Oh also, St. Louis had some bad storms last night. I was scared. The winds were like non I have ever seen. A lot of damage was done to the St. Louis area. Mom's house had a big tree on top of it when we got back from going out to dinner last night. I was glad she wasn't home during that. Also, we had no electric for about 4 hours. Right now though unfortunately 500,000 people are still going to be without power for the next 3-5 days. It has been 100+ degrees out. This weekend we are supposed to get some relief from the heat. Tonight there are supposed to be storms again.
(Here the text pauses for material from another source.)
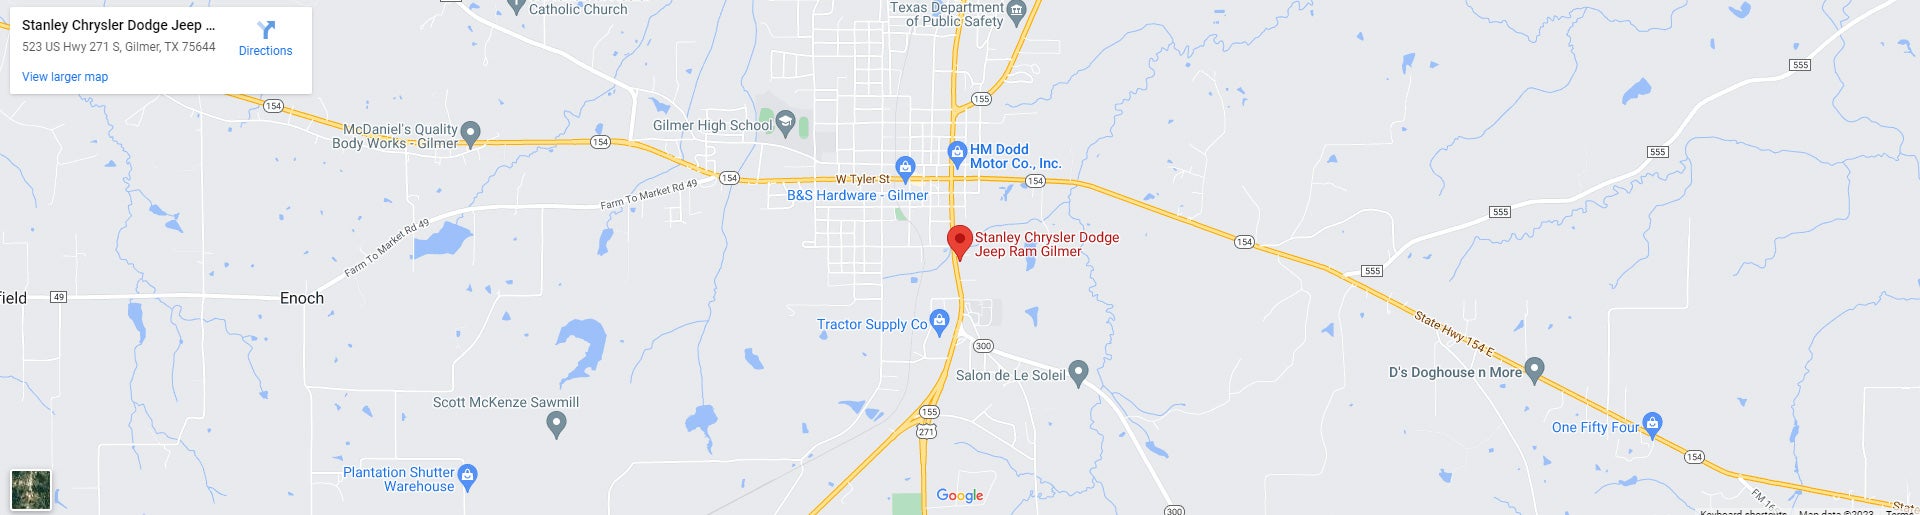 Stanley CDJR Gilmer location Google Maps image

I'm not looking forward to them at all.
Jul 18, 2006
Well, last Thursday I went to the Dr and found out that I will be induced at 39 weeks unless something happens sooner. I wouldn't be upset about that as long as he's ready to come out. I can't believe how tired I am. I don't want to go to work, put on make-up, nothing. I am out of breath, he has taken over officially. I blow dry my hair and don't fix it anymore, I barely put on eyeliner. What has happened to me? I apologized to the people at work for making them see me like this everyday, LOL. I hope I will want to look better after he gets here. Or else, he is gonna have one pathetic looking Momma. I wondered what it was going to be like to be tired and done at the end, well it's starting!! I can do it, YES I CAN!!!
Jul 17, 2006
Dear Precious baby Greyson,
Mommy got your nursery finished yesterday, and she loves it. I can't wait to see you laying in your bassinet. Even more I can't wait to hold you in my arms. I have never wanted to meet you more than I do right now. I am getting very anxious to see your beautiful face. I know life is going to change big time when you get here and I can't wait to see what that will be like. I love you so much and can't wait to kiss your gorgeous face and sweet little feetsies.
Jul 6, 2006
Tonight Carlos, Mom and I are going to a 3D ultrasound at 6, so I will post a picture of Greyson then. I obviously took this picture myself while I was in the bathroom. Notice the toilet paper.....real nice. Oh and by the way I had an ultrasound done earlier today at my Dr's office, Greyson is measuring at 4lbs 6oz already. Which would measure me at like 33 weeks, WOW!
Jul 3, 2006
I think I have to buy this for Greyson. It says DIABETIC MOMS MAKE THE SWEETEST KIDS. I just love it. But it's like $15.00 with shipping. Isn't that kinda high? I could probably have one made for lots cheaper. Hmmmmmmpphhh, I guess I'll have to think about it.
Jul 2, 2006
Well, we closed on our house on Friday finally. I am so glad to have that completed and to be back in St. Peters. I love it here so much. Although we are done moving, I now have so much stuff to do before Greyson gets here, and I'm not motivated!!! I have been hoping my motivation will start soon but it hasn't yet. Everyday that I have time to do things around the house I find something easier to do. I have to get this stuff done!!! Greyson's room has really come together, it's just the rest of my house. It's a mess. Oh well, I'm just glad to be back in St. Peters!